In timflutre/rutilstimflutre: Timothee Flutre's personal R code

Preamble

This document was generated from a file in the Rmd format. Both the source and target files are under the CC BY-SA license. The source file is versioned online.

Overview

This tutorial aims at exploring the partitioning of variance between factors in linear models. In an simulated example, yield as the response variable is regressed on two factors, fertilization and genotype.

External packages are required:

suppressPackageStartupMessages(library(MuMIn))
suppressPackageStartupMessages(library(lme4))
## suppressPackageStartupMessages(library(brms))
suppressPackageStartupMessages(library(rsq))
suppressPackageStartupMessages(library(vegan))

Write the model

Let $y_{ijk}$ be the yield of genotype $i$ with fertilization level $j$ in micro-plot $k$: [ y_{ijk} = \mu + a_i + b_j + d_{ij} + \epsilon_{ijk} ]

In matrix notation, when all effects are modeled as fixed: [ \boldsymbol{y} = X \boldsymbol{\beta} + \boldsymbol{\epsilon} \text{ with } \boldsymbol{\epsilon} \sim \mathcal{N}_N(\boldsymbol{0}, R) ]

In matrix notation, when fertilization effects are modeled as fixed and genotype effects as random: [ \boldsymbol{y} = X \boldsymbol{\beta} + Z \boldsymbol{u} + \boldsymbol{\epsilon} \text{ with } \boldsymbol{u} \sim \mathcal{N}_I(\boldsymbol{0}, G) \text{ and } \boldsymbol{\epsilon} \sim \mathcal{N}_N(\boldsymbol{0}, R) ]

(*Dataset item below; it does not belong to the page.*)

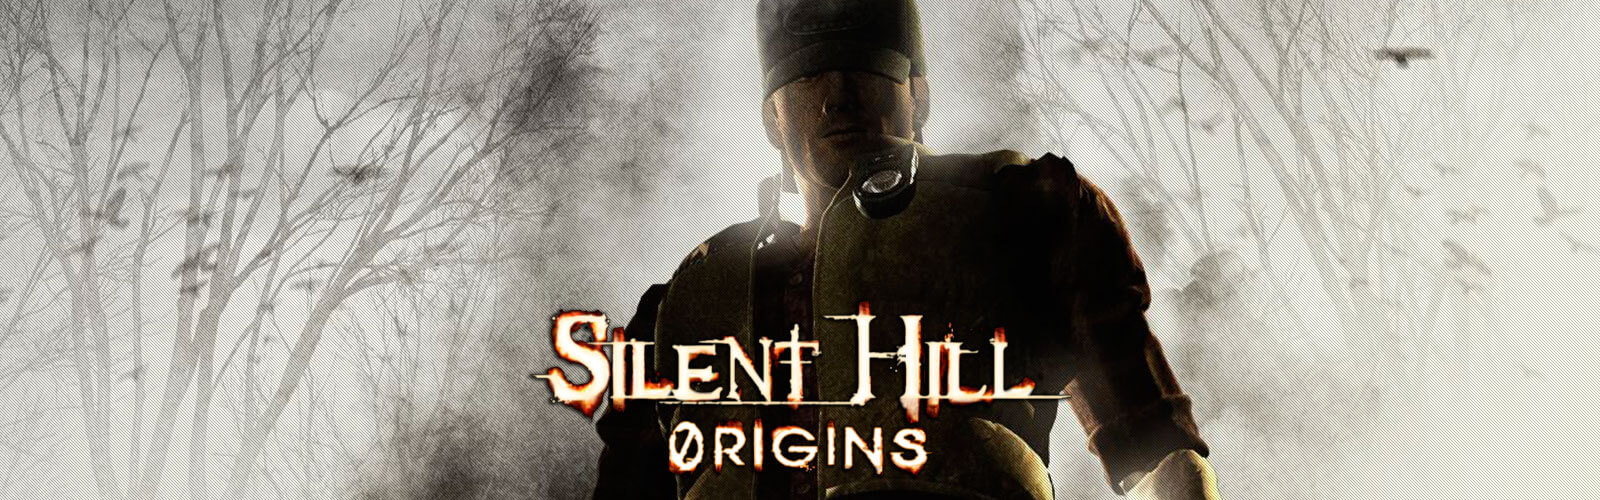 Análise - Silent Hill: Origins (PSP) Cover

Usually, $G = \sigma_u^2 A$ and $R = \sigma^2 \text{Id}$.

Simulate some data

Choose the data dimensions

I <- 10  # number of genotypes
J <- 3   # number of fertilization level
K <- 4   # number of replicates per treatment
(N <- I * J * K) # total number of observations

Set up the data structure

(levGenos <- sprintf("cv%02i", 1:I))
(levFerti <- c("low", "med", "high"))
(levReps <- LETTERS[1:K])
dat <- data.frame(geno=rep(levGenos, each=J*K),
                  ferti=rep(rep(levFerti, each=K), I),
                  rep=rep(levReps, I*J),
                  yield=NA)
dat$ferti <- factor(dat$ferti, levels=levFerti) # so that levels are ordered
head(dat)
str(dat)

Generate the data

Set the seed:

set.seed(12345) # to make the simulation reproducible

Make the design matrix:

X <- model.matrix(~ 1 + geno + ferti + geno:ferti, data=dat,
                  contrasts.arg=list(geno="contr.sum", ferti="contr.sum"))
dim(X)
colnames(X)

Fix the intercept:

mu <- 100

Draw genotype effects:

sd_a <- 10
a <- rnorm(n=I-1,
           mean=0, sd=sd_a)

Draw fertilization effects:

sd_b <- 10
b <- rnorm(n=J-1, mean=0, sd=sd_b)

Draw interaction effects:

sd_d <- 2
d <- rnorm(n=(I-1)*(J-1), mean=0, sd=sd_d)

Make the effect vector:

beta <- matrix(c(mu, a, b, d), nrow=ncol(X), ncol=1)
rownames(beta) <- colnames(X)

Draw errors:

sd_e <- 1
epsilon <- rnorm(n=N, mean=0, sd=sd_e)

Compute the yield:

y <- X %*% beta + epsilon
dat$yield <- as.vector(y)

Explore the data

Data means

str(dat)
(grandMean <- mean(dat$yield))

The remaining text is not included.